EEOC, the overseer of Title VII of the Civil Rights Act of 1964, which prohibits discrimination on the basis of "race, color, religion, sex, or national origin," perhaps decided to make up for the debacle that was the Clarence Thomas affair in 1991. Thomas, when nominated to the Supreme Court, was accused of misconduct when he headed the EEOC.
These two decisions, in any event, held the employer responsible for employee conduct and said employer oversight must be thorough. Although in Burlington the Supreme Court said the employer can pursue "affirmative defense" as long as he has in place a strict procedure to respond to sexual harassment complaints, the court also said the employer was liable even when no "quid pro quo" -- "sleep with me or you're fired," as Grossman puts it -- is involved.
In the court's phrasing, whether the employee suffers any "adverse tangible job consequences" is not material. In this framework, the employer naturally overreacts. To be on the safe side, he actively seeks sexual harassment even when those involved do not perceive it. He takes on the mien of the secret police, ferreting out subversion, real or imagined.
In addition, although it is understood that misconduct must constitute "a pattern" to make a case, in reality a single complaint puts the accused in jeopardy. And, though I can't point to a court decision that says complaints can be made anonymously, they actually are so made, and the accused are proscribed from seeking out the accuser. The accuser has all the rights; the accused, none. There is no room for talk and enlightenment.
If all this doesn't create a "hostile work environment," which is the other prong of the concept of sexual harassment, what does? And, again, though an earlier court decision said "a hostile environment claim requires harassment that is severe or pervasive," in reality a passing remark overheard can be taken to create such an environment.
Joanna Grossman, in her entry for "The Oxford Companion," puts her finger on the largely subjective aspect of the situation when she writes: "Sexual-harassment claims are also hard to prove because of the difficulty in distinguishing between normal social interaction and harassment. . . . Moreover, much of the conduct that may contribute to a hostile environment is perfectly legal and appropriate if it is welcome, but actionable if it is unwelcome."

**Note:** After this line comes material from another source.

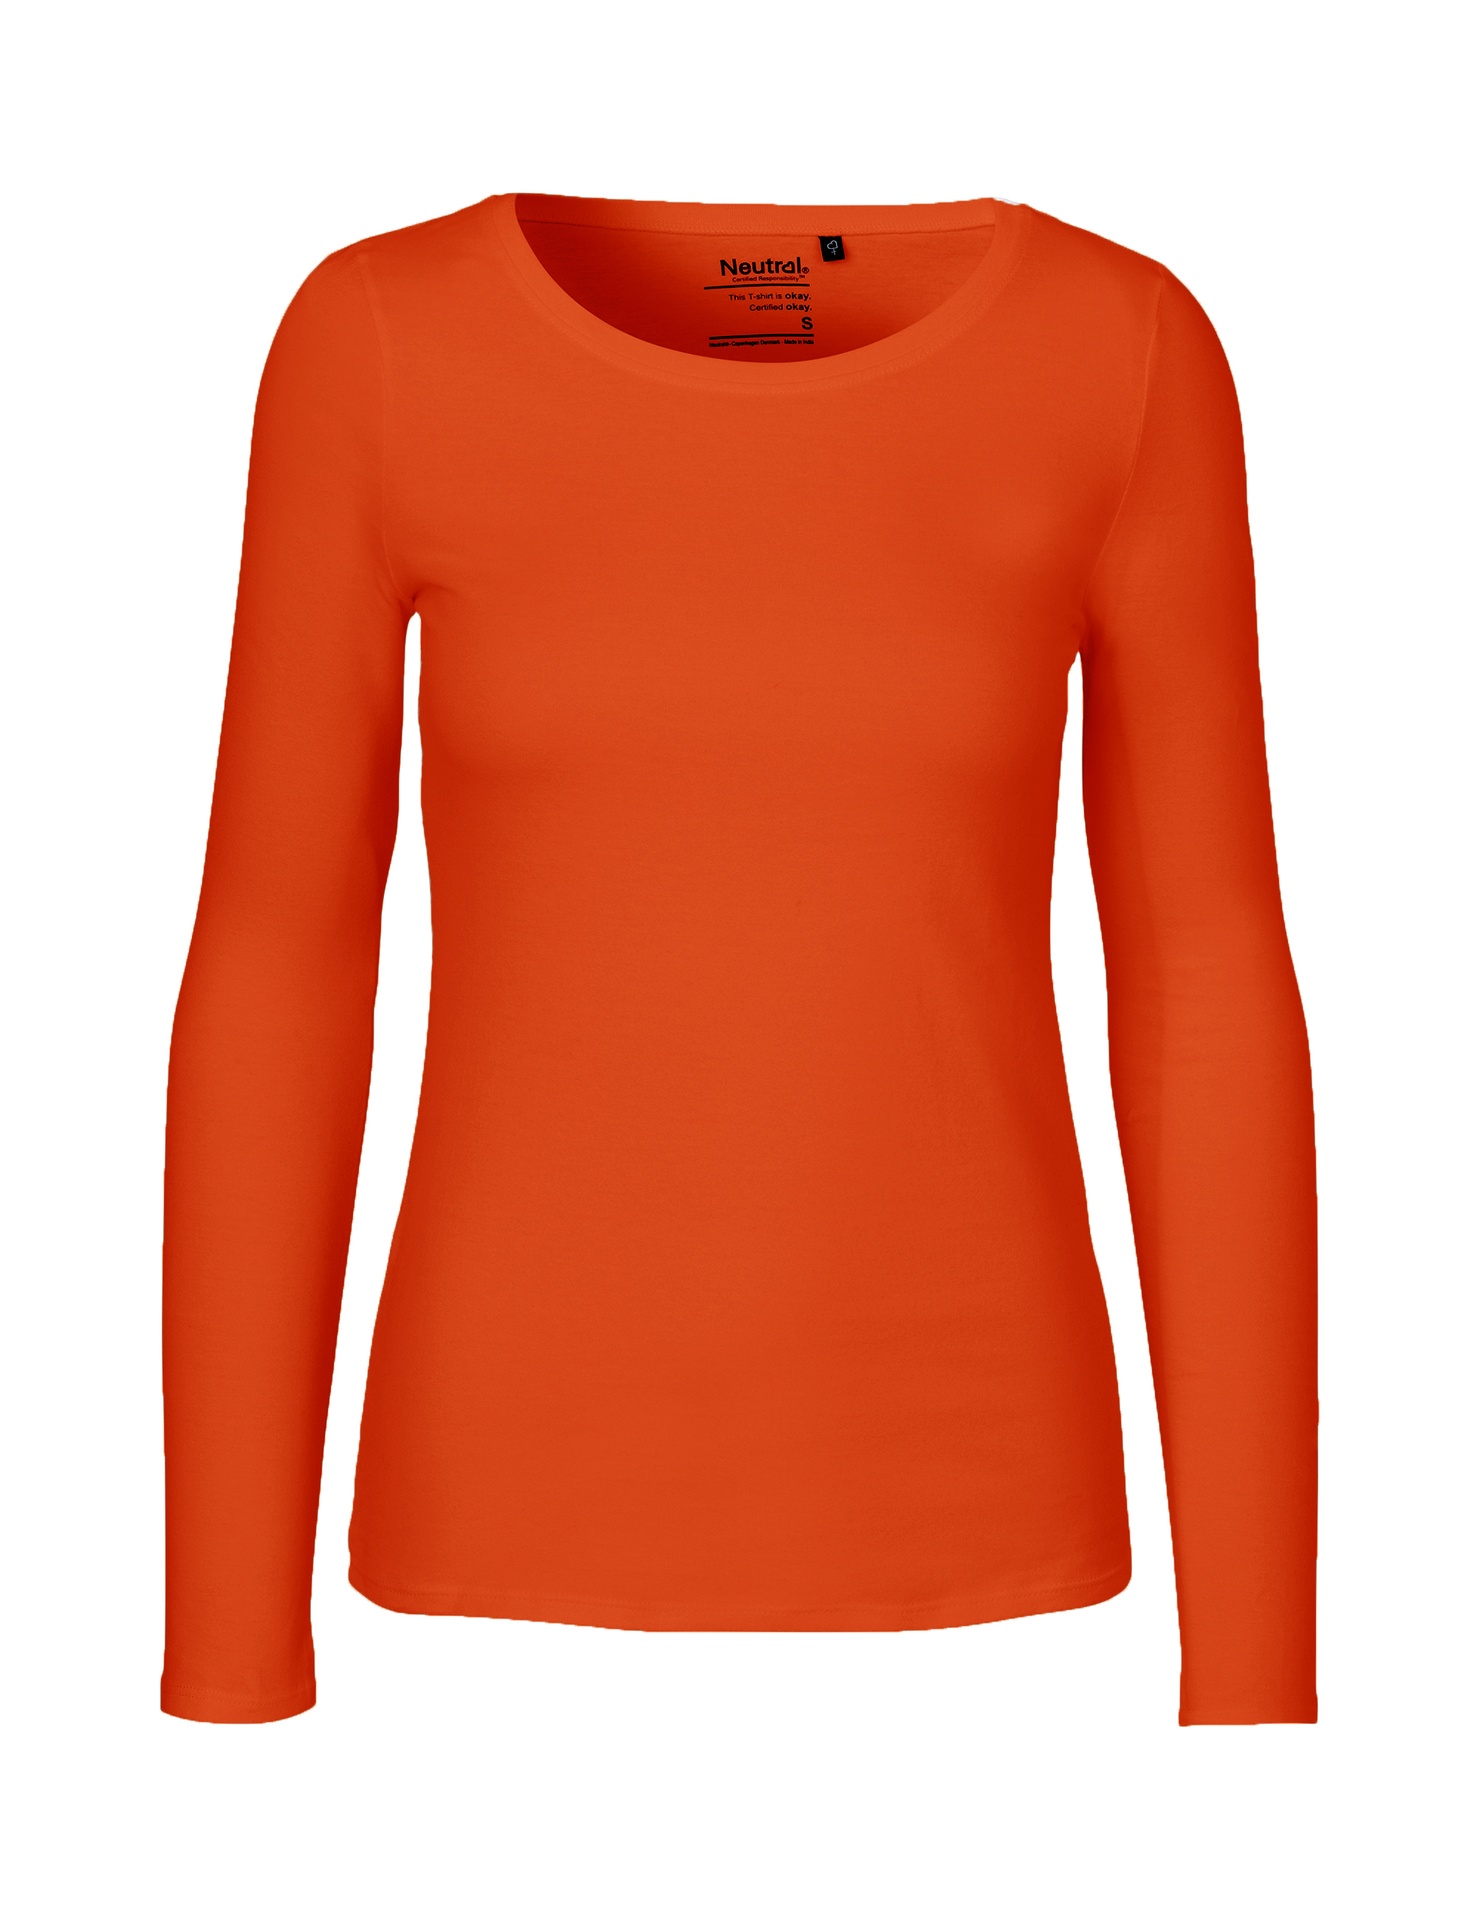 [PR/04722] Ladies Long Sleeve T-Shirt (Orange 30, 2XL)

Grossman is an associate professor at Hofstra University School of Law who apparently has made part of her reputation by writing articles such as "The Culture of Compliance: The Final Triumph of Form Over Substance in Sexual Harassment Law." Thus, after pinpointing the inherent problem, she turns her attention to the "victims" of harassment. She doesn't think much of objections on First Amendment grounds.
How has such a unilateralism been allowed to come into being? I can think of three reasons: First, American society is legalistic and litigious. Second, a recent trend -- what Robert Hughes has characterized as a "culture of complaint" -- has developed. Third, the view has been promoted that in a "paternalistic" society like that of the United States no "consent" can be made between man and women on an equal footing. This last, developed and single-mindedly pursued by the law professor Catherine MacKinnon, ultimately led to the concept that, in the formulation of another student of law, Jeffrey Toobin, "there is no sex without harassment."
MacKinnon, who wrote "The Sexual Harassment of Working Women" in 1979, seems to have largely failed in her crusade to introduce antipornographic ordinances in various cities. One judge said such ordinances would be tantamount to instituting "thought police." But she has eminently succeeded in the workplace and in academia.
Hiroaki Sato is a translator and essayist who lives in New York.